→ DATASET EXCERPT:
-- Opening Marker --

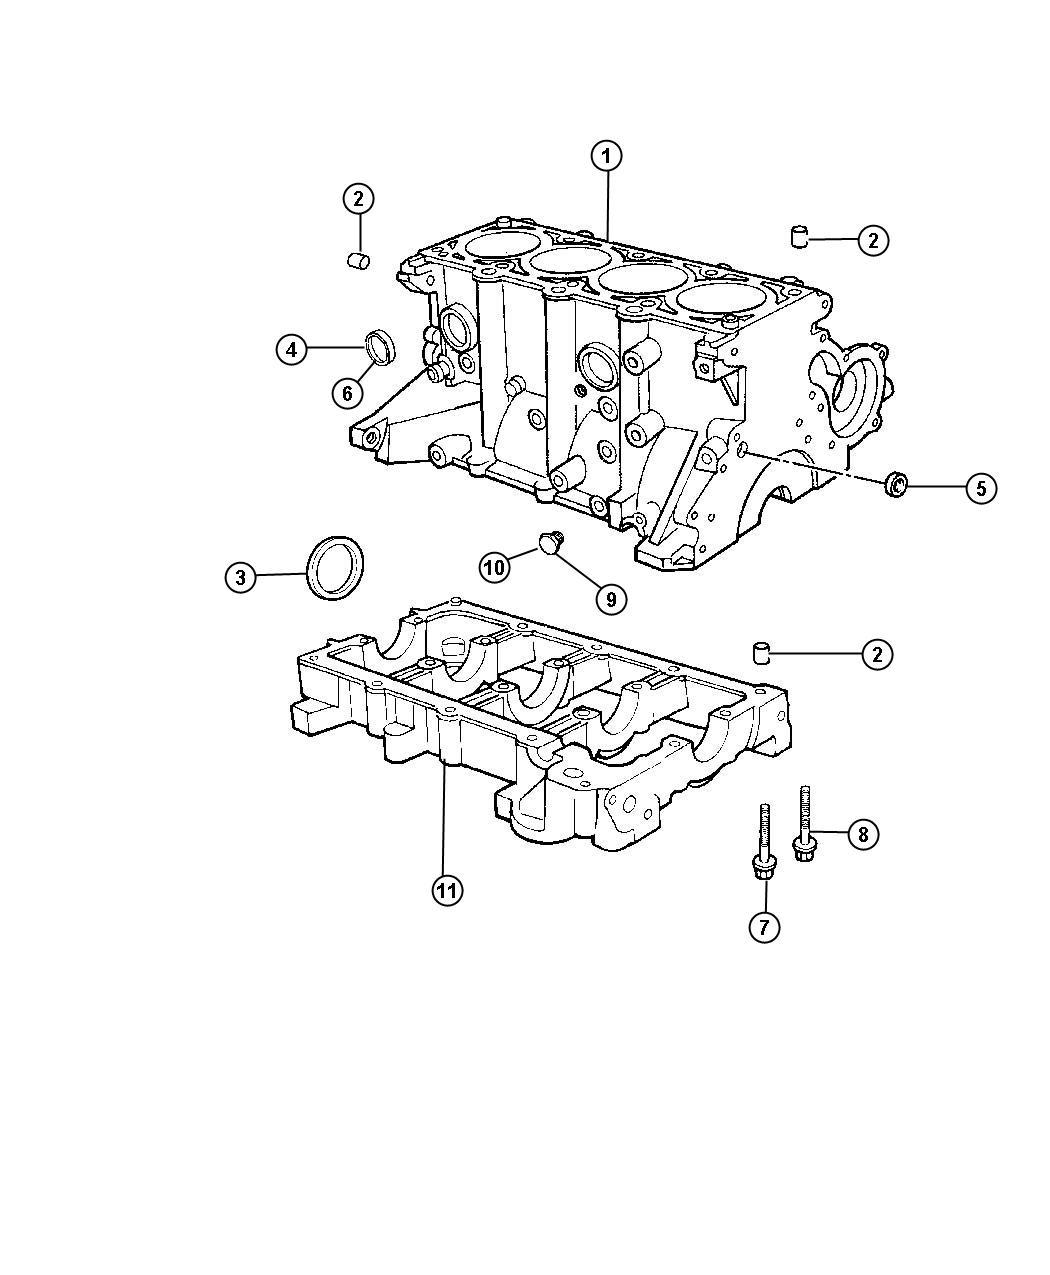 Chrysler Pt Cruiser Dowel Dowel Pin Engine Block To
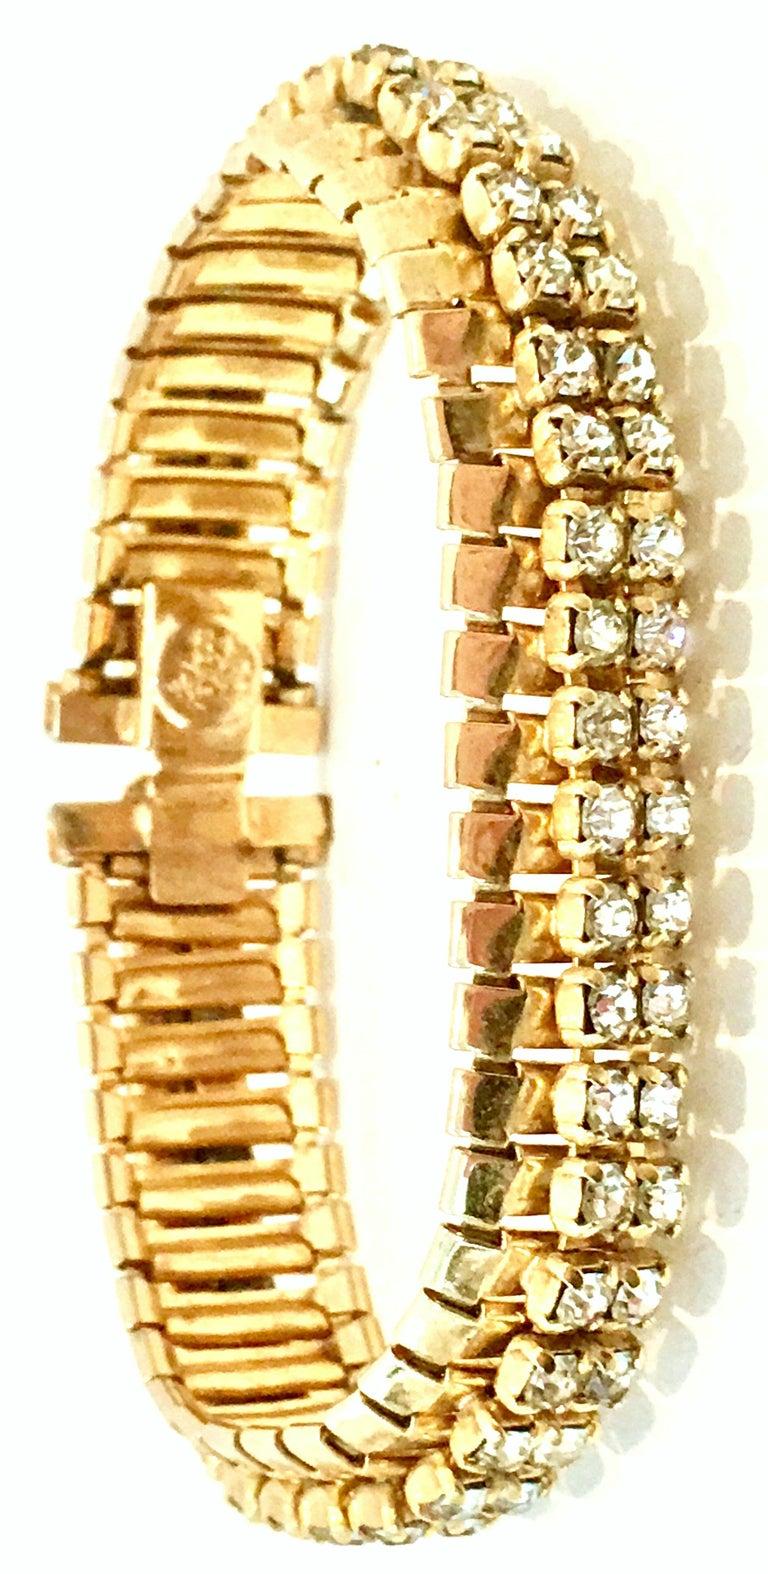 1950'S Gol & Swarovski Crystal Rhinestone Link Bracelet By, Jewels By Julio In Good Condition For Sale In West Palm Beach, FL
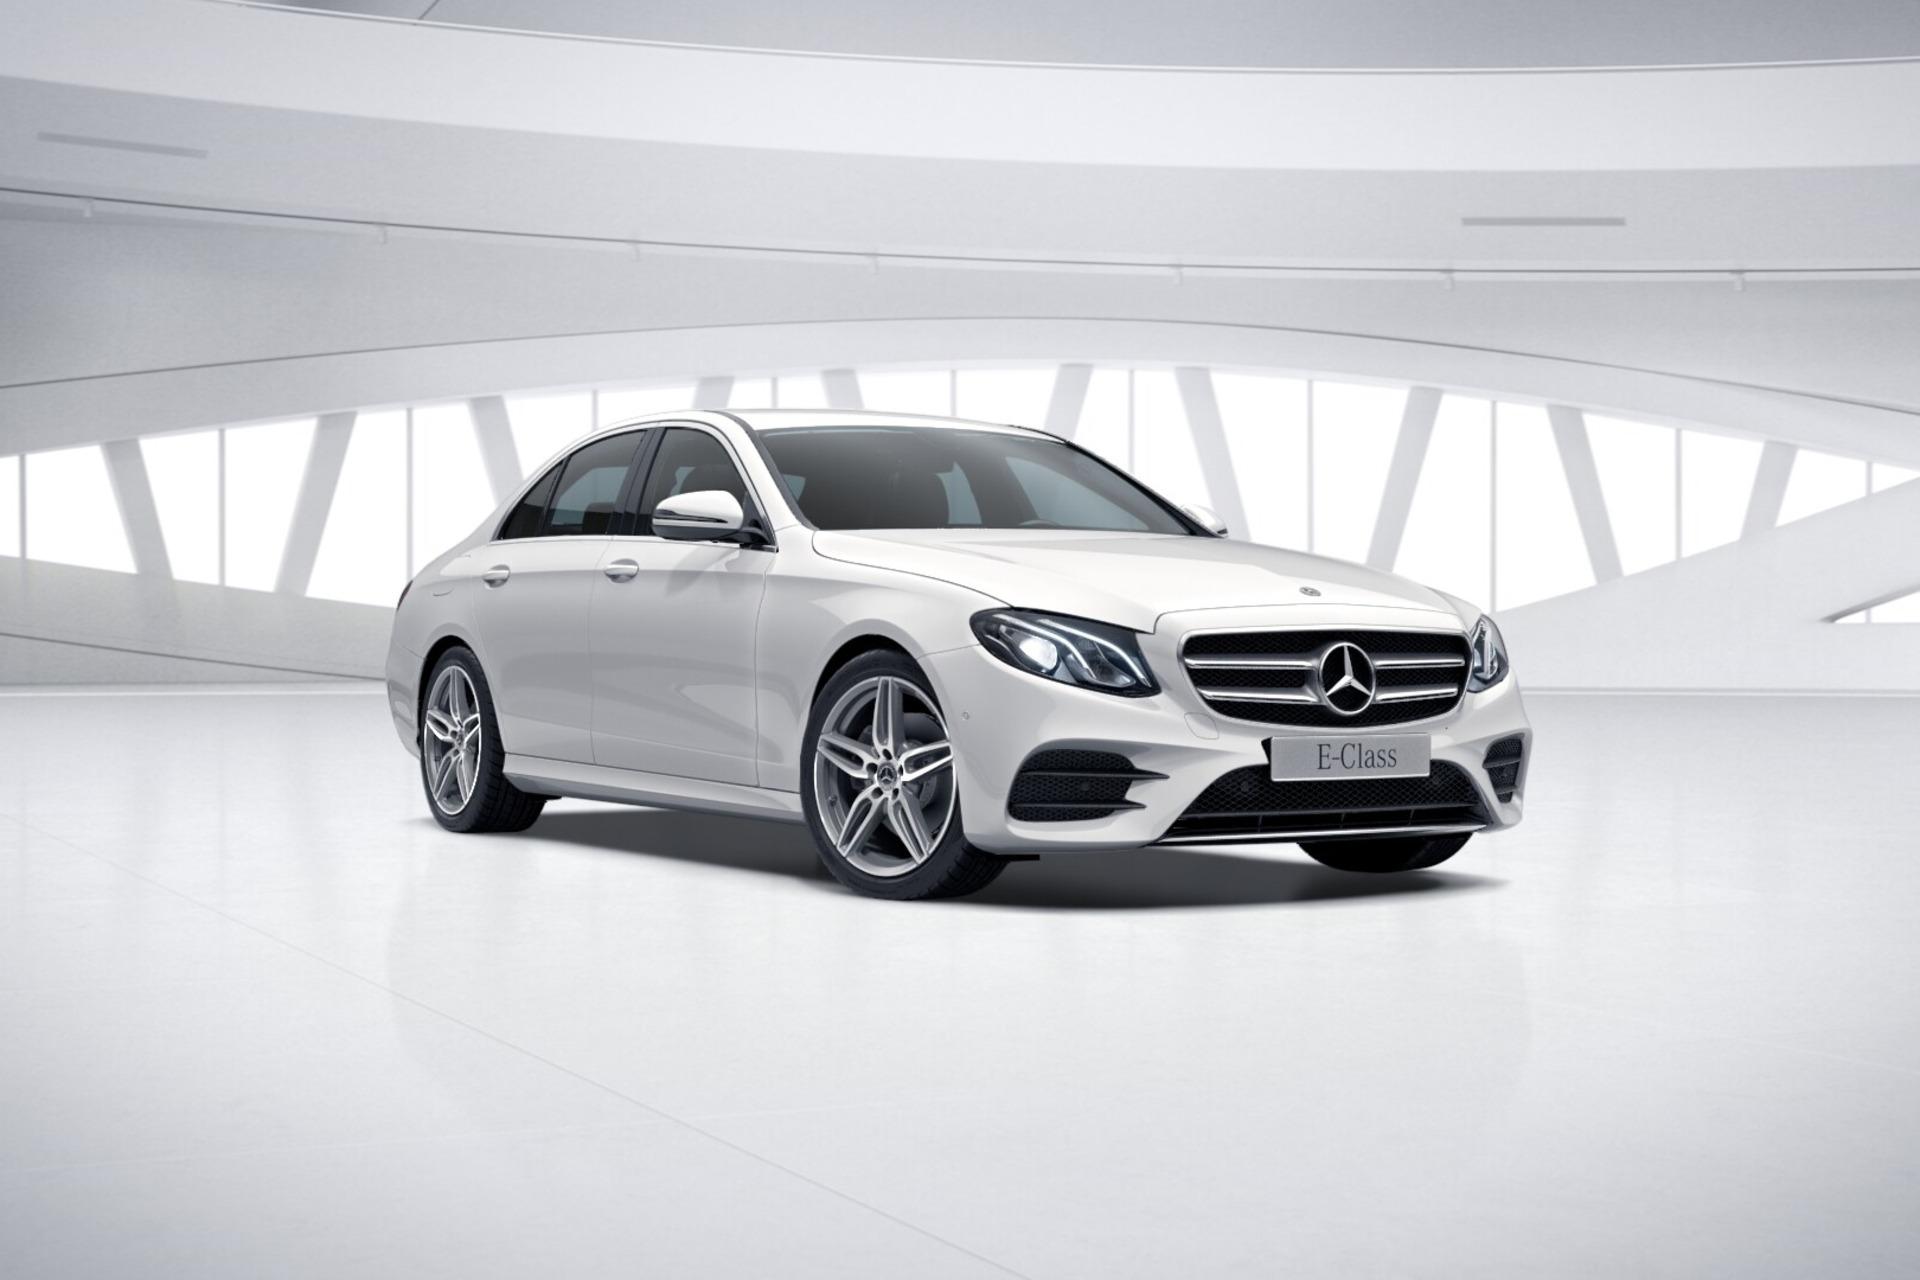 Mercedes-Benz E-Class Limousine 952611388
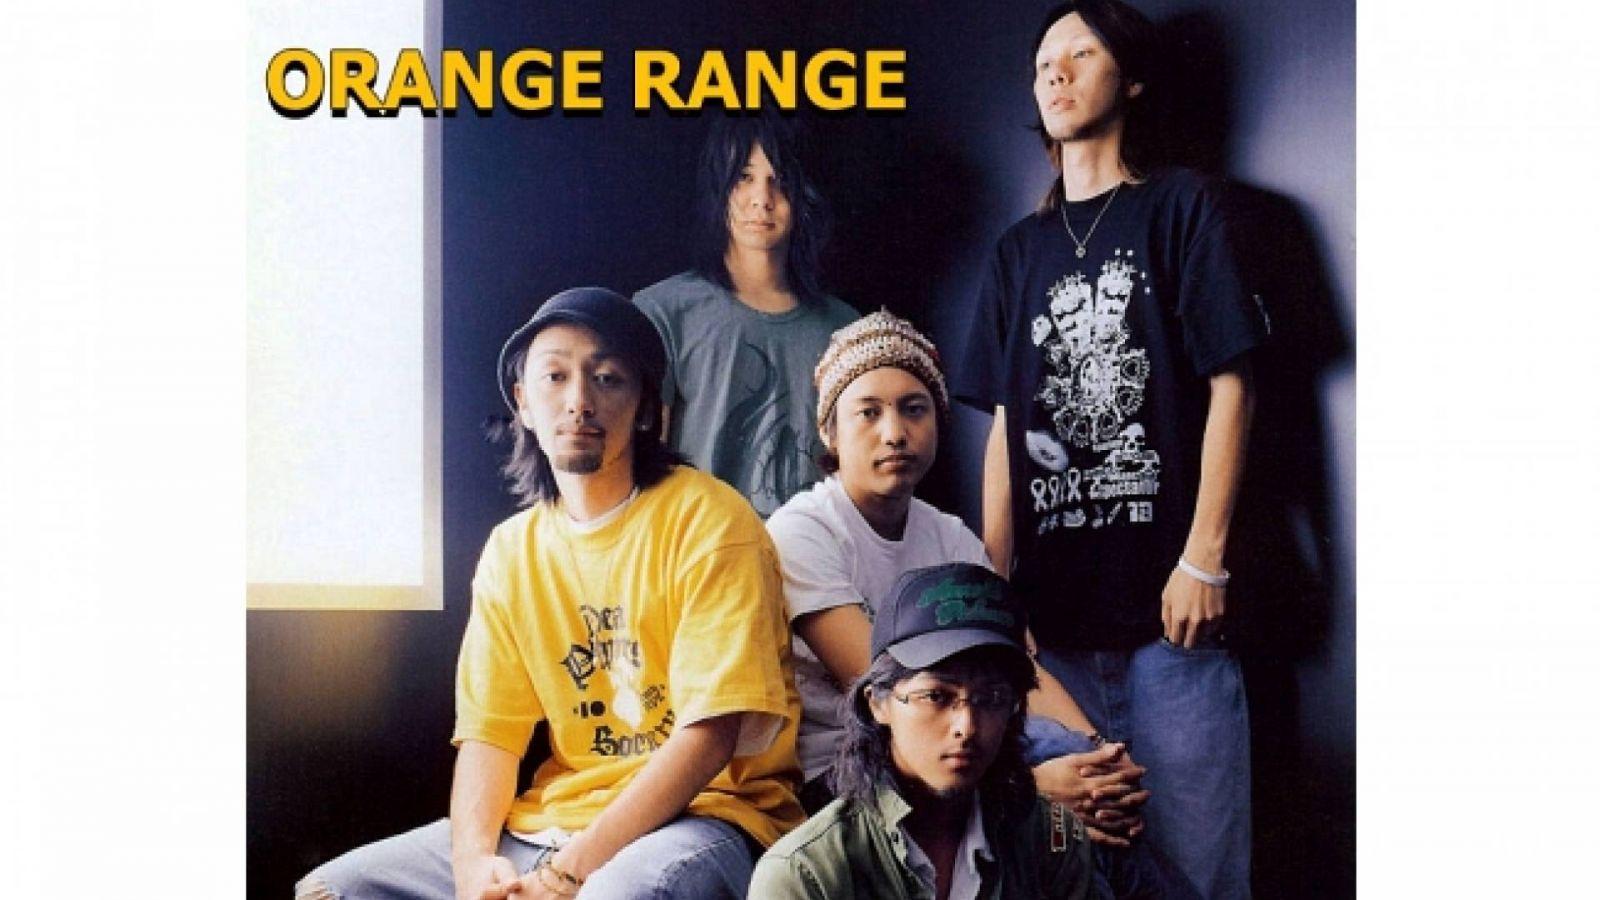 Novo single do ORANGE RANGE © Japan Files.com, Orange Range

-- Closing Marker --

→ TASK PROMPT: Pictures stay out; reproduce exactly the lines from the one containing "Mercedes-Benz E-Class Limousine 952611388" through the end of the data.

→ THE ANSWER:
 Mercedes-Benz E-Class Limousine 952611388
 Novo single do ORANGE RANGE © Japan Files.com, Orange Range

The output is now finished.